P. medicaginis is not known from Europe, and is potentially damaging to lucerne and chickpea if introduced there. In both international and local situations, sanitary precautions, aimed at limiting transport of infected plants and infested soil, will greatly reduce the risk of introduction or local spread.
Hosts/Species AffectedTop of page P. medicaginis has a narrow host range in nature and is primarily a pathogen of the family Fabaceae. It is only known as an agricultural pathogen. Lucerne (Medicago sativa) is the primary host (Erwin and Ribeiro, 1996). Other species of Medicago, notably the annual species, are also susceptible under field test conditions (Haan et al., 1996). Chickpea (Cicer arietinum) is susceptible and damaged in the field in USA, Australia (Irwin and Dales, 1982) and India (Suryanarayana and Pathak, 1968). In Spain, root rot of Cicer is caused by other Phytophthora species distinctly different from P. medicaginis in genetic, morphological and cultural parameters (Liew and Irwin, 1994); P. medicaginis has not been reported (Erwin and Ribeiro, 1996). Sainfoin (Onobrychis viciifolia) is susceptible in the seedling stage (Gray and Wofford, 1987). Hedysarum spp. have been shown to be susceptible in glasshouse tests with H. carnosum being as equally susceptible as chickpea (Southwell and Crocker, 2005).
P. medicaginis infects and causes significant disease in a variety of unrelated hosts under conditions of artificial inoculation, especially when soil flooding is prolonged or repeated (Hamm and Hansen, 1981; Wilcox and Mircetich, 1987). However, it has never been isolated from these other plant species in the field, and host preference remains an important diagnostic characteristic of this pathogen.
Growth StagesTop of page Pre-emergence, Seedling stage, Vegetative growing stage
SymptomsTop of page Germinating seed and seedlings of lucerne are infected and killed rapidly, with the disease appearing as damping off. Older plants are also infected, with characteristic reddish-brown or black root lesions developing into root rot disabling some or all of the root system. Mature plants may be killed, especially following repeated infection in poorly drained areas, but more often exhibit chlorosis and reduced growth (Erwin, 1954; Schmitthenner, 1964).
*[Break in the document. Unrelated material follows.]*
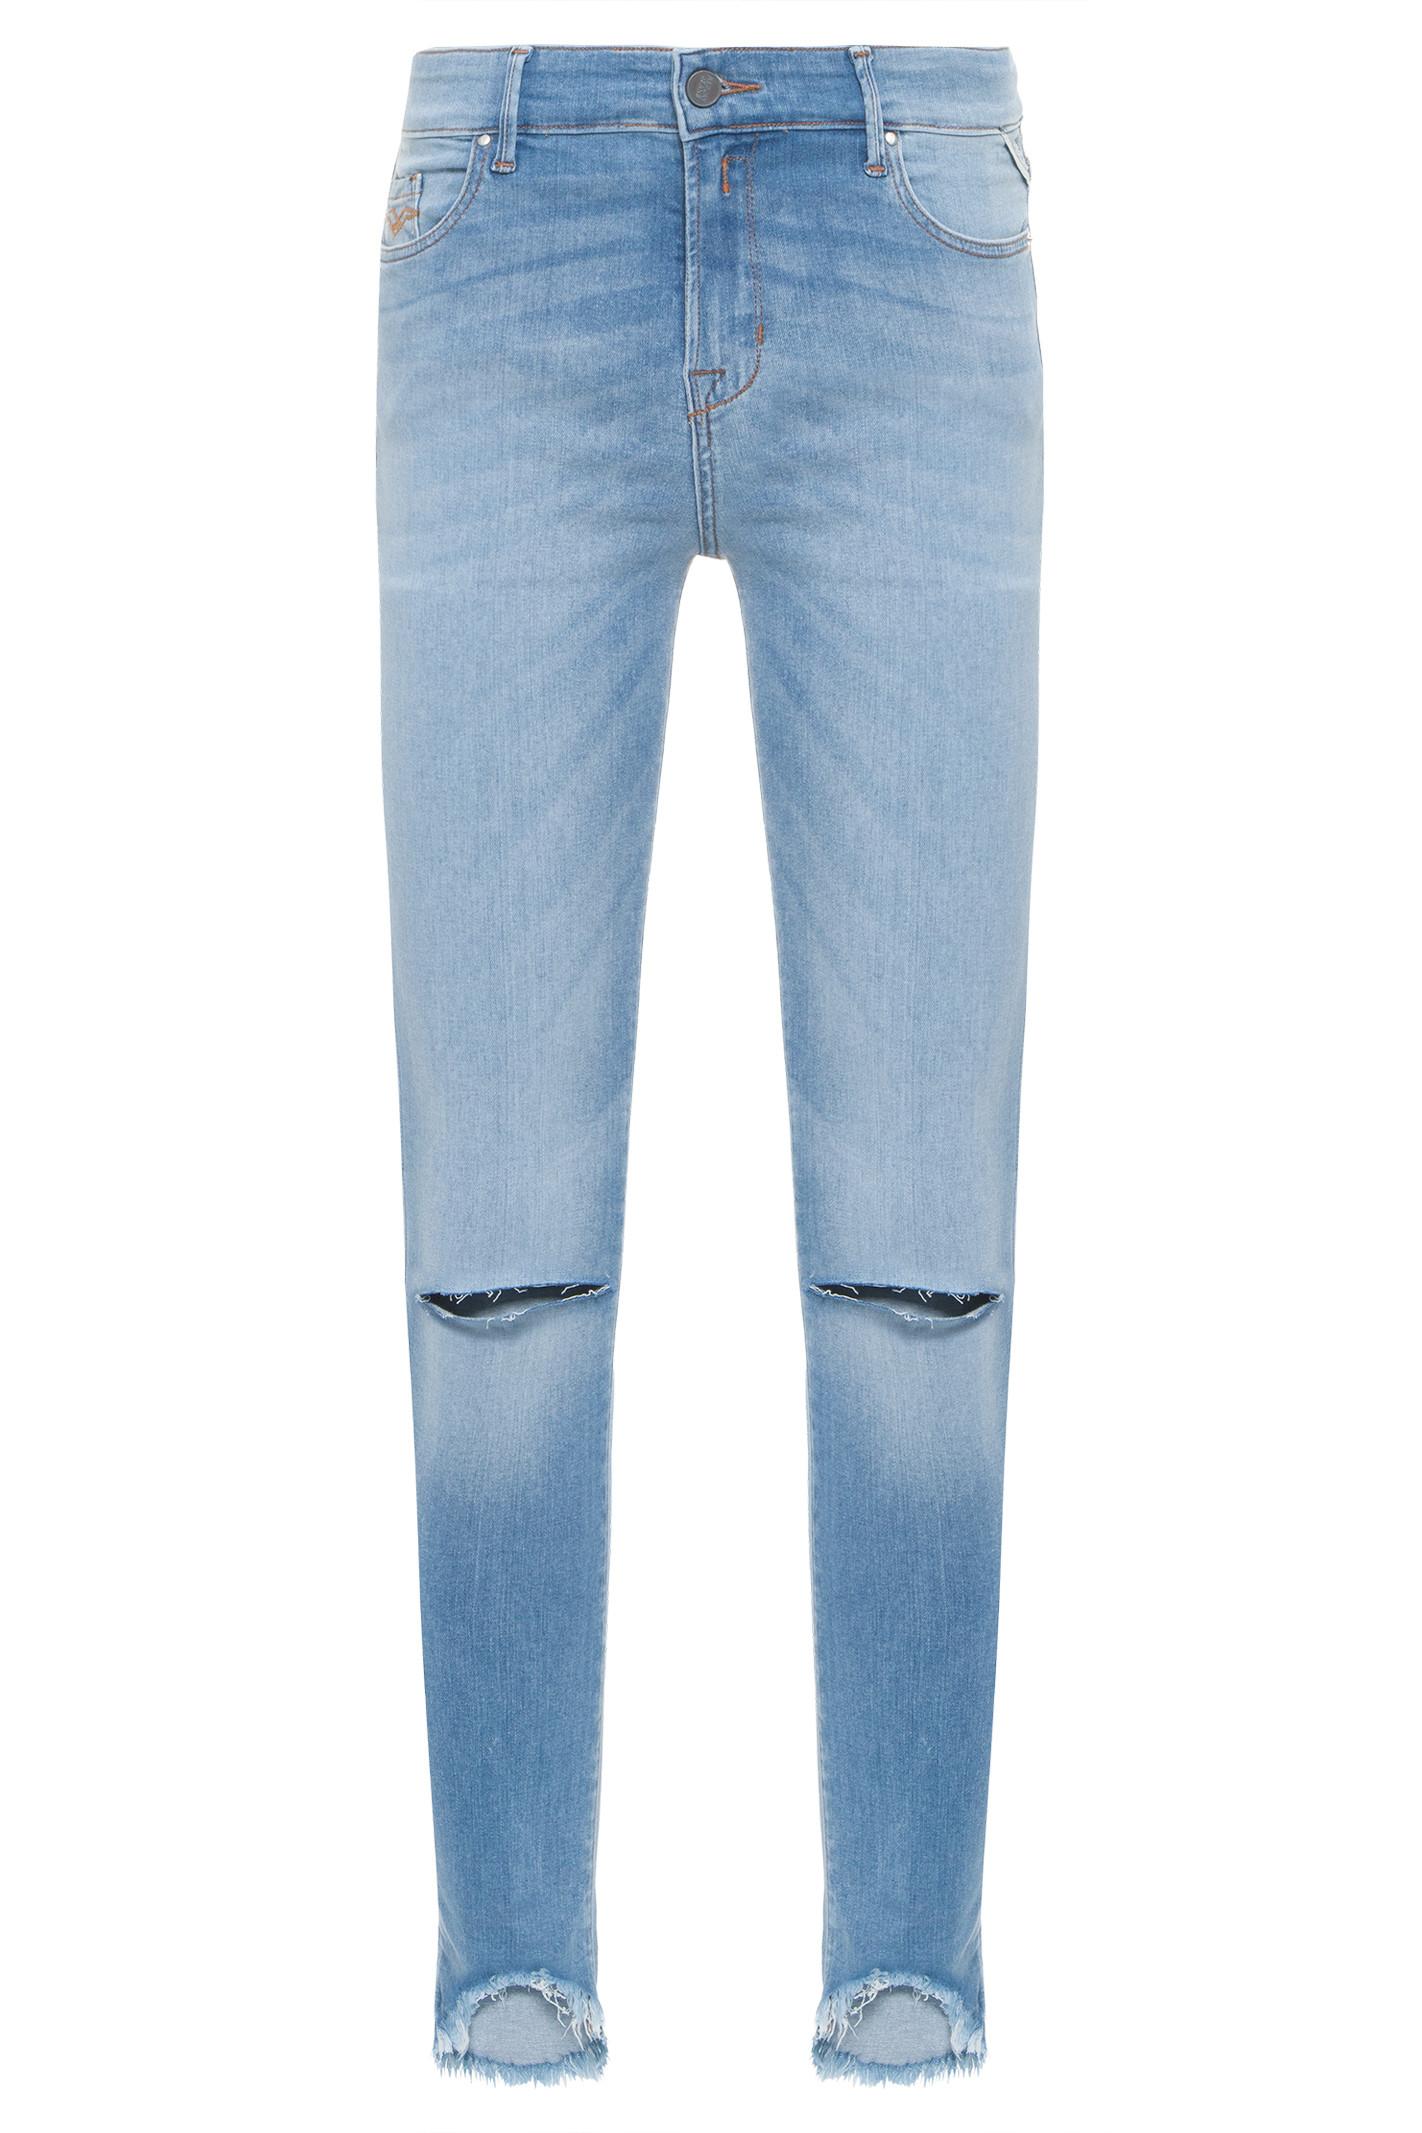 Calça Jeans Luz Skinny - Azul

Infected plants are prone to winter injury, including frost heaving.
In chickpea, Phytophthora root rot is characterized by chlorosis and desiccation of foliage, decay of lateral roots, small brown lesions that develop into extensive dark-brown lesions on the taproot, and the development of girdling lesions with reddish-brown margins extending to the collar (Vock et al., 1980).
List of Symptoms/SignsTop of page
|Leaves / abnormal colours|
|Leaves / wilting|
|Leaves / yellowed or dead|
|Roots / cortex with lesions|
|Roots / necrotic streaks or lesions|
|Roots / reduced root system|
|Roots / stubby roots|
|Whole plant / damping off|
|Whole plant / dwarfing|
|Whole plant / early senescence|
|Whole plant / plant dead; dieback|
Biology and EcologyTop of page Genetics
P. medicaginis has a chromosome number of 12-15 (Hansen and Maxwell, 1991). Molecular markers have been used to assess the genetic diversity of P. medicaginis populations using isolates collected from Australia and the USA and these were found to be very uniform (Liew and Erwin, 1994; Irwin et al., 1995). P. medicaginis does not hybridize with other Phytophthora spp. such as P. sojae (Layton and Kuhn, 1988; Nygaard et al.,1989) or P. megasperma (Hansen, 1987).
Physiology and Phenology
The long-term survival strategy of P. medicaginis is through the production of thick-walled oospores. These may survive for up to 3.5 years in the soil (Pratt and Mitchell, 1975; Stack and Millar, 1985b). The fungus may also survive as chlamydospores in infected plant tissue (Basu, 1980).
The life cycle of P. medicaginis is similar to that of other homothallic species of Phytophthora (Erwin, 1965). The mycelium is self-fertile and oospores are formed, in culture and in infected roots in soil, following the fusion of oogonia and antheridia. Oospores are thick-walled spores that can survive adverse conditions for long periods. Typically, they germinate to produce a sporangiophore and sporangia in water-saturated soil (Salvatore et al., 1973). Germination of oospores is stimulated by exudates from host roots and occurs at pH 3.5-10.5 with an optimum of pH 6 (El-Hamalawi and Erwin, 1986). Zoospores are released into the soil solution and follow chemotactic gradients to host roots, where they encyst and then germinate, forming vegetative hyphae. Hyphae penetrate and colonize host roots, killing host tissue as they advance. Chlamydospores may be formed on the vegetative hyphae. They are typically thin-walled, in contrast to oospores, but also serve as survival structures (Basu, 1980). Oogonia and antheridia form on the hyphae in roots and fuse, especially as soil dries or host tissue dies.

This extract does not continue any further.